LCD Soundsystem's eponymous debut album, released in January, took things further. All of Losing My Edge's constituent elements are there, but there are also moments where Murphy echoes The Beatles, Brian Eno, The Fall and New Order.

It's punk as it should be, in that it cares not for history's divisions.

Back in 1989, on Nirvana's debut album, there's a song called School. A rabid dirge, it climaxes with Kurt Cobain howling, "you're in high school again" over and over, sick to death of the popularity contest that was his local punk rock scene. It's a sentiment all too familiar to Murphy. His current band might be a thundering, dancefloor-friendly beast, but like all things LCD, things aren't that simple.

Murphy grew up in the New Jersey suburbs, and started playing music when he was 14. He spent most of his 20s in two bands, first Pony and then Speedking, slogging around the underground American circuit that was built up through the 1980s. "Pony had been pretty successful, " he says.

"We were always supposed to get somewhere. Any minute now, [we would be] the next big band from New York. But we just hated each other so much." His next band Speedking didn't fare much better, imploding in 1997.

"We were quite good at what we were doing, but what we were doing was dated and silly. The bands we played with, like Six Finger Satellite, were so superior that it was humiliating. Plus, we made these selfdestructive decisions like 'We're never gonna put an album out, ' out of overarching punk rock ideals. I got it out of my system, thankfully."

Punk, he says, used to be an optimistic thing. "You could listen to Jonathan Richman and the Violent Femmes and Big Black and Neu! And it was all punk rock as long as it wasn't mainstream rock."

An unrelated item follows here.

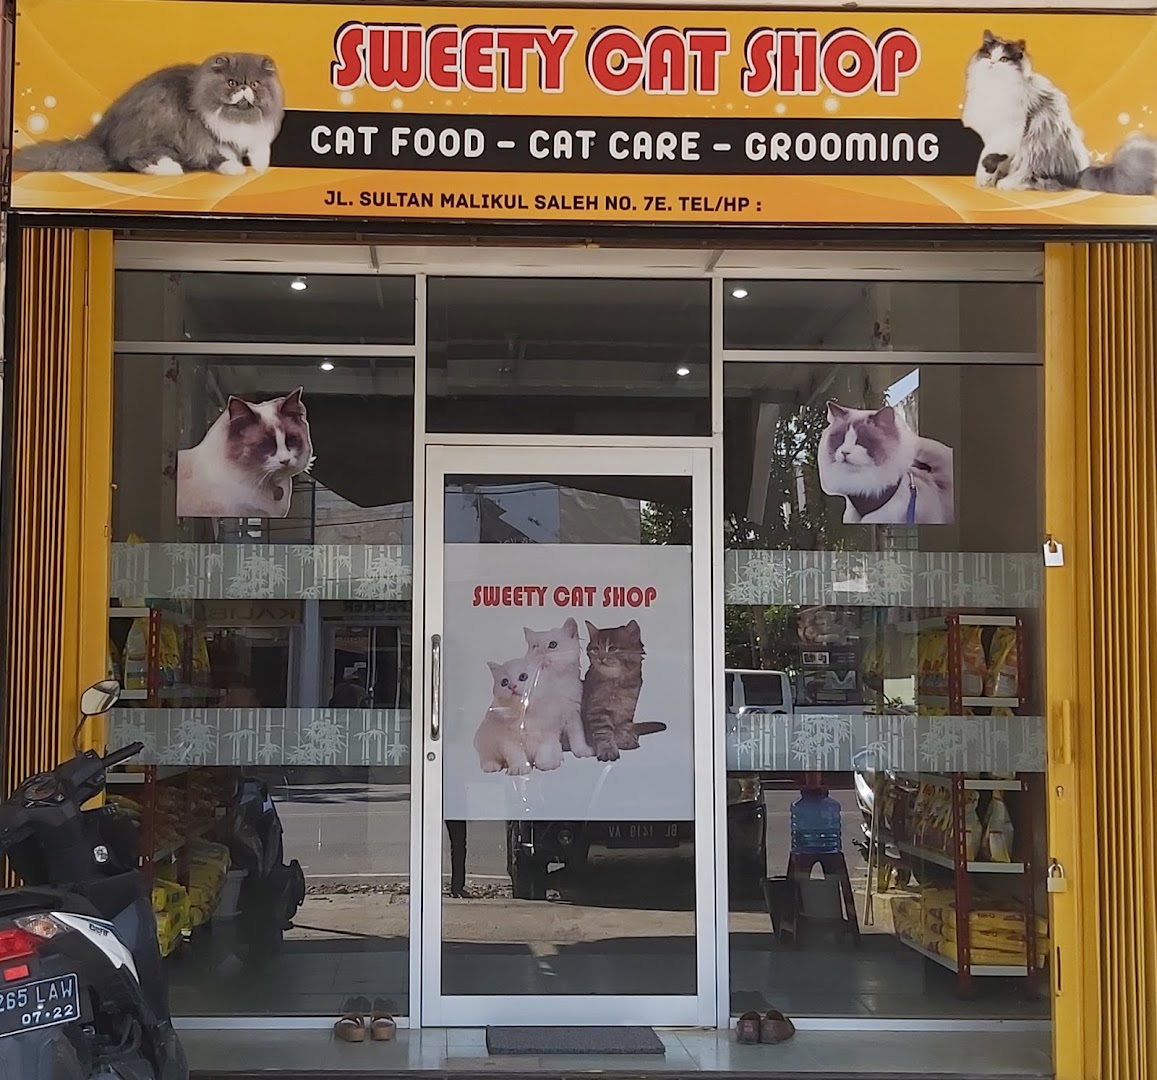 Gambar Sweety Catshop

But in the 1990s, when he actually got his chance to be in punk rock bands, it was like being back at home. "There were cool kids and loser kids and rules and power games. You had to record a certain way with a certain producer for a certain label . . . even drive a certain van. It just wore me out."

The rules and the declarations of hip never disappear, either; they're just passed on to the next set of anointed bands, something that the song Movement, on their debut album, nails perfectly. Over a vicious guitar assault, Murphy takes to task the wave of garage rock bands that seemed all-pervasive three or four years ago. "It's a movement without the bother of having any meaning. You know, a journalistic movement that announces 'Rock is back! The guitar is back!' Woo-hoo.

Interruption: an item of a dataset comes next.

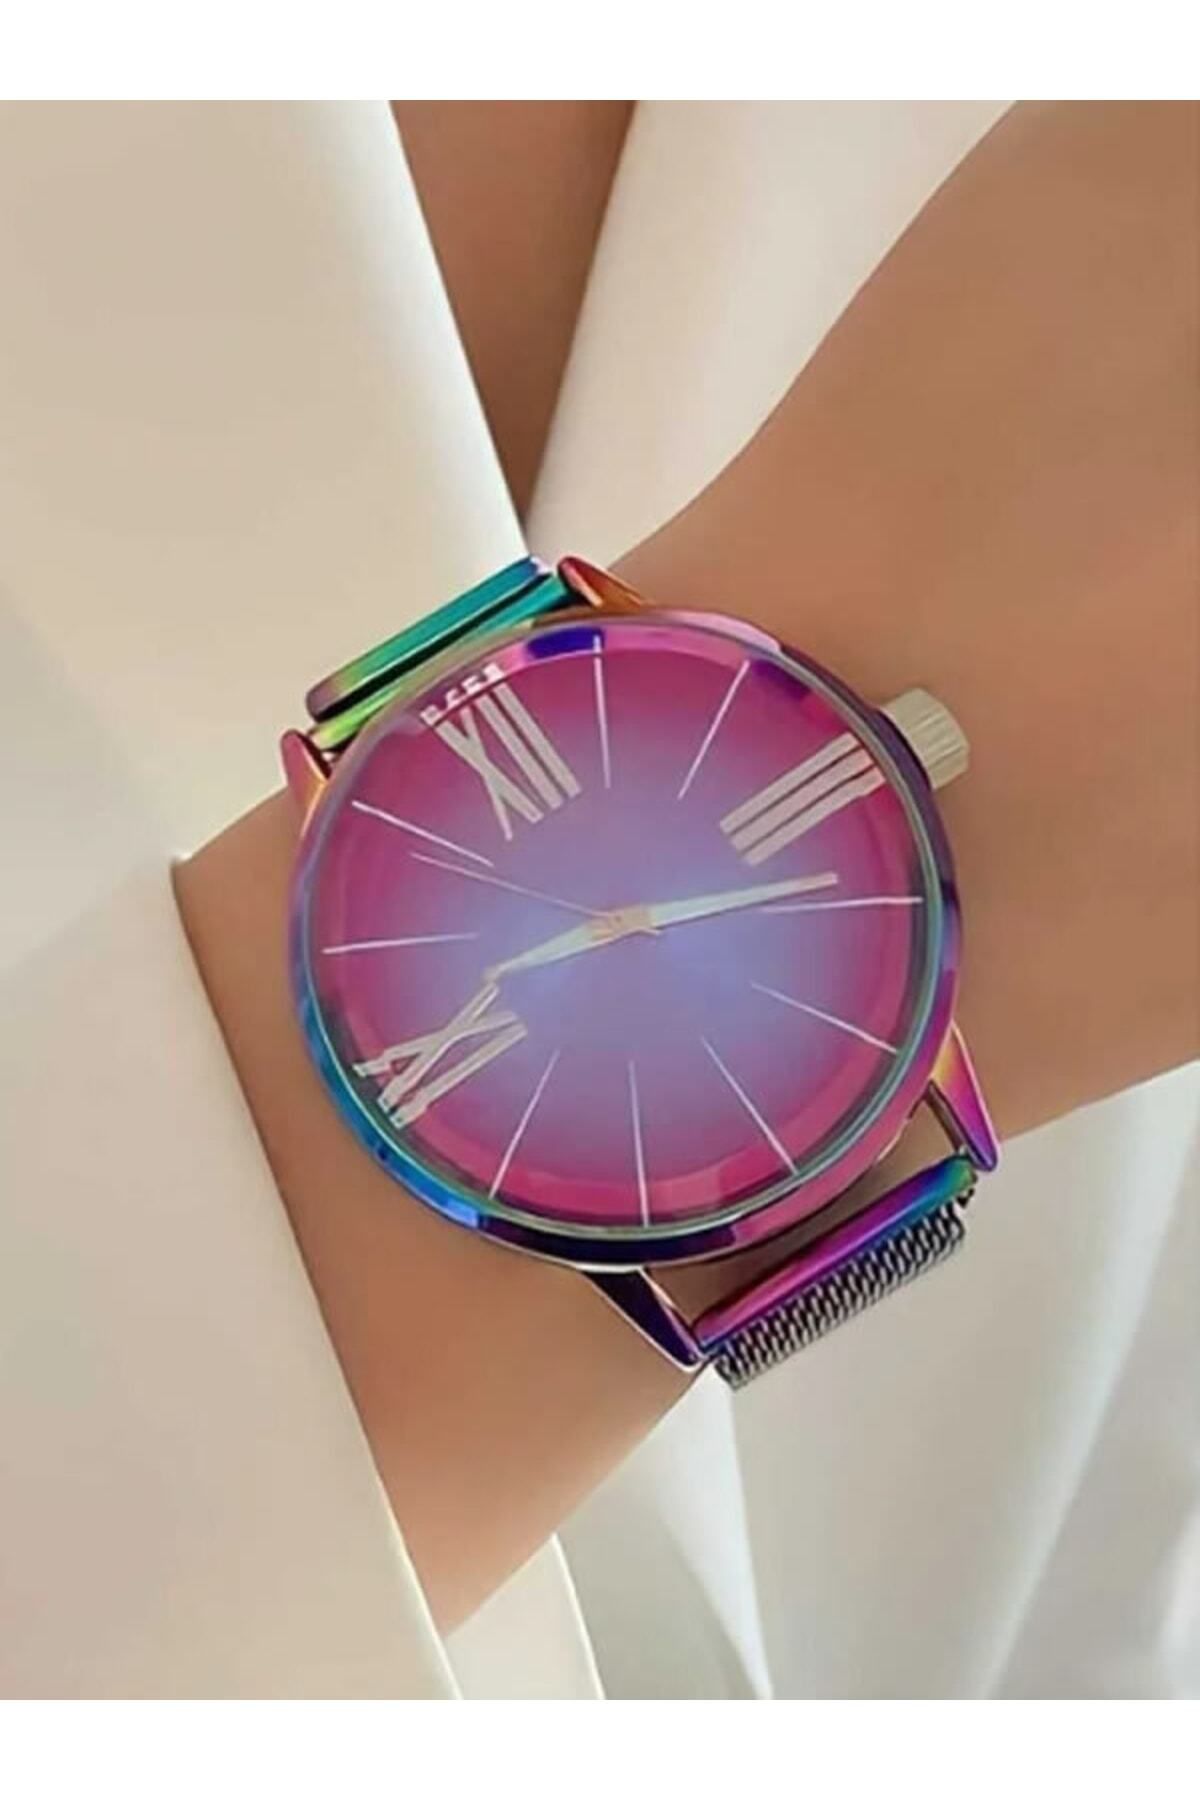 İSTLİV Unisex Model Renkli Ekran Mıknatıslı Kol Saati

But for what? It's f***ing vacuous and the bands are tedious. They all sound like the MC5.

"I get excited about The White Stripes because they're obviously people who are trying to do something of their own. But most bands will never be good because they don't even ask themselves why they were bothering."

Murphy could be talking about his own abortive attempts at being a punk in the 1990s; at least with LCD Soundsystem, he knew exactly why he was bothering before the first inch of tape rolled through the studio mixing desk.